Even Boris was looking defeated and anxious. He muttered something about trying again tomorrow. Glancing nervously at the setting sun. ‘You don’t want to be in this part of Belen after dark. Specially with Catrina on your case, mes amigos. Let’s try this one last house.’

The last floating house had the most flamboyant shaman of all, a Kofan shaman with a coloured mantle that fell to his knees. Festoons of multicoloured beads hung around his neck, alongside necklaces of shells and seeds and curving white jaguar teeth. His eyebrows had been vigorously plucked and painted, his lips were dyed a sombre purple-blue, his wrist was braceleted with iguana skins, his flat brown nose had a singular emerald macaw feather pierced through the septum, and his long earlobes were studded with caiman fangs.

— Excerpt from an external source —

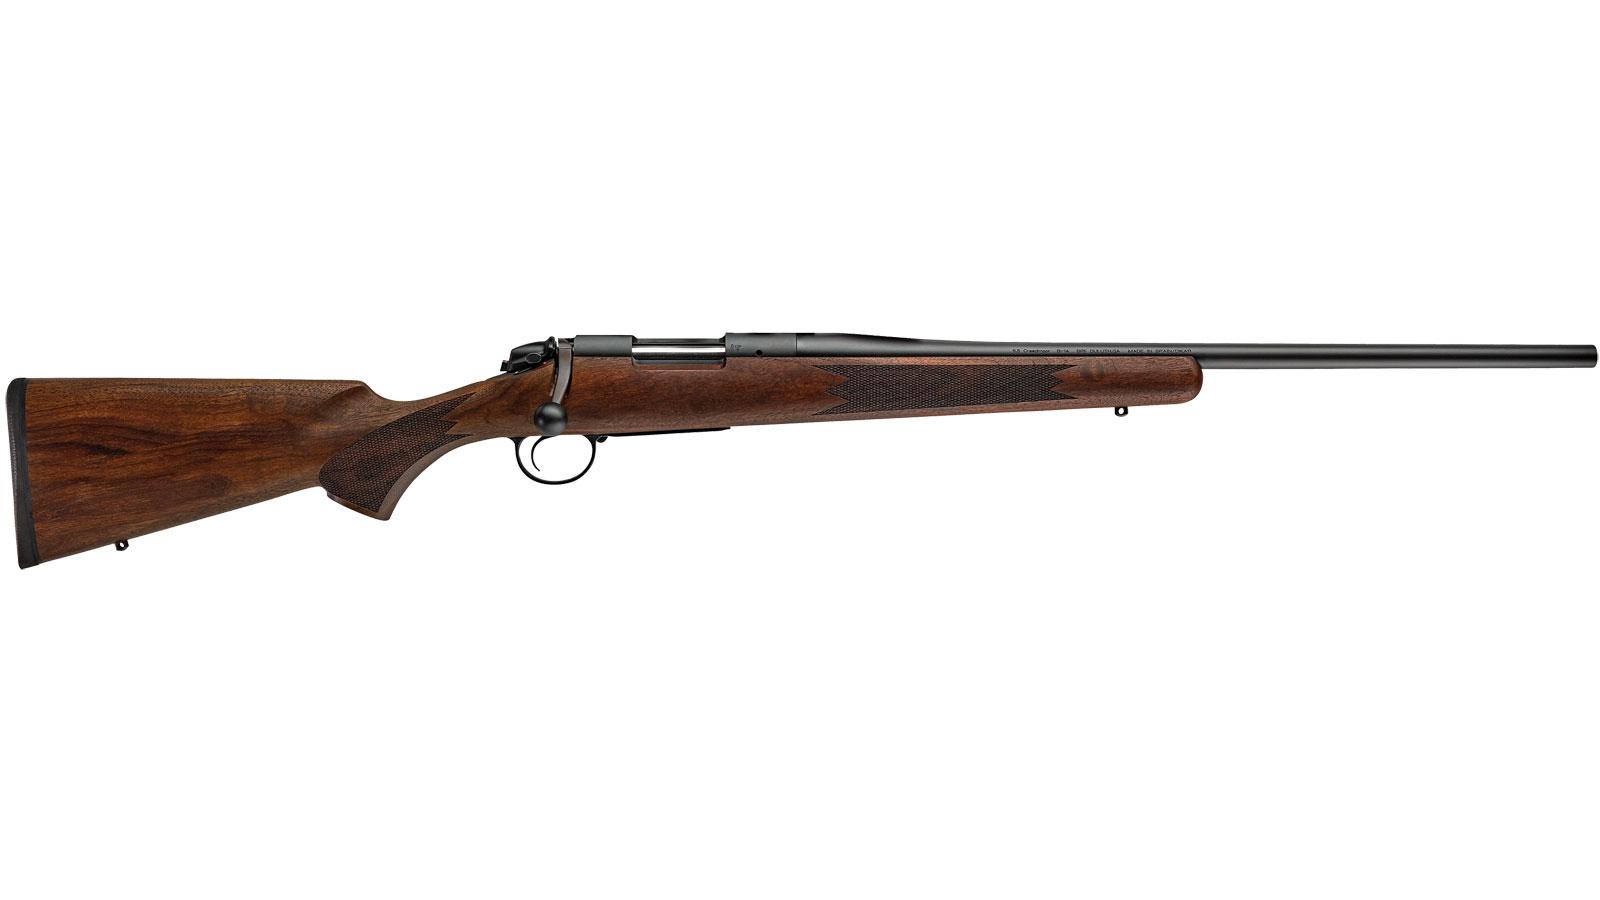 Bergara Rifles B14S203 B-14 Woodsman Bolt 243 Winchester 22 4+1 Walnut Stock Blued in.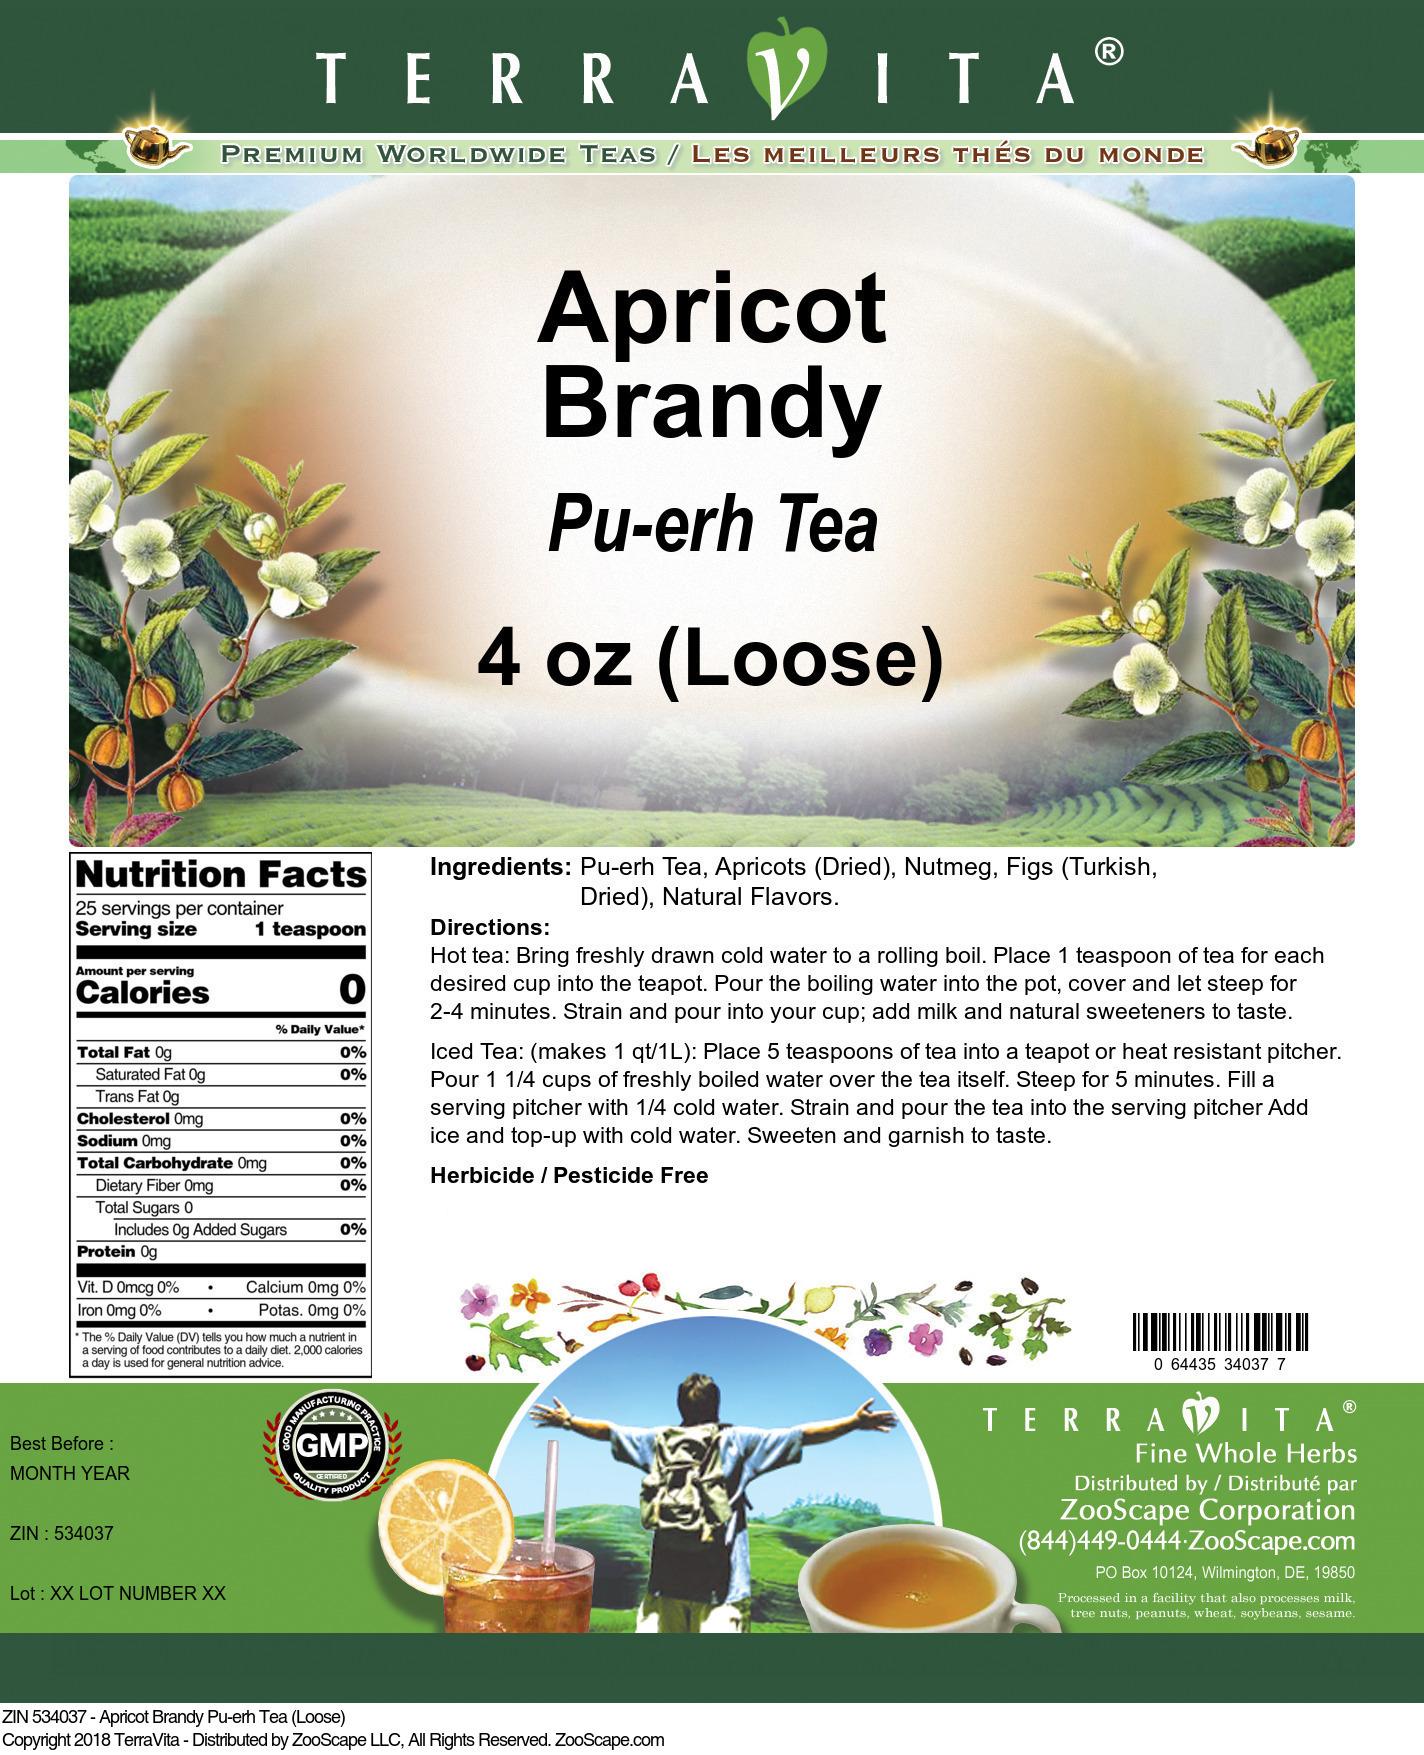 Apricot Brandy Pu-erh Tea (Loose)

Surmounting it all was a resplendent headdress of violet hummingbird feathers, scarlet macaw feathers and wild sapphire parrot tail feathers, like the halo of an archangel.

‘What does he say?’ whispered Adam, in awe.

‘He says we should talk to his wife.’

There was an awkward pause. Then the shaman’s wife came out from the floating shack wearing denim shorts, flip-flops and a dirty T-shirt with a picture of Justin Bieber on the front. She listened to Boris’s question. Then she nodded, casually. ‘ Ulluchu si.’ She talked quickly in her own language.

The excitement quickened with the dying of the day. ‘Where?’ Adam asked. ‘What is she saying? Where?’

Boris turned. His face was uncharacteristically grave. ‘She says we will find it two hundred miles upriver. That makes sense. It tallies with what we know of Archibald McLintock’s movements.’

‘Two hundred miles?’ Nina interjected, her forehead slightly streaked with river mud, and the inevitable thick Iquitos sweat.

‘Two hundred miles up the Ucayali. With the Pankarama. Protected tribal wilderness.’ Boris looked perturbed, for the first time that day.

‘So?’

‘ Amigos. The Pankarama are headhunters. They kill gringos. They kill everyone. And then they shrink their heads.’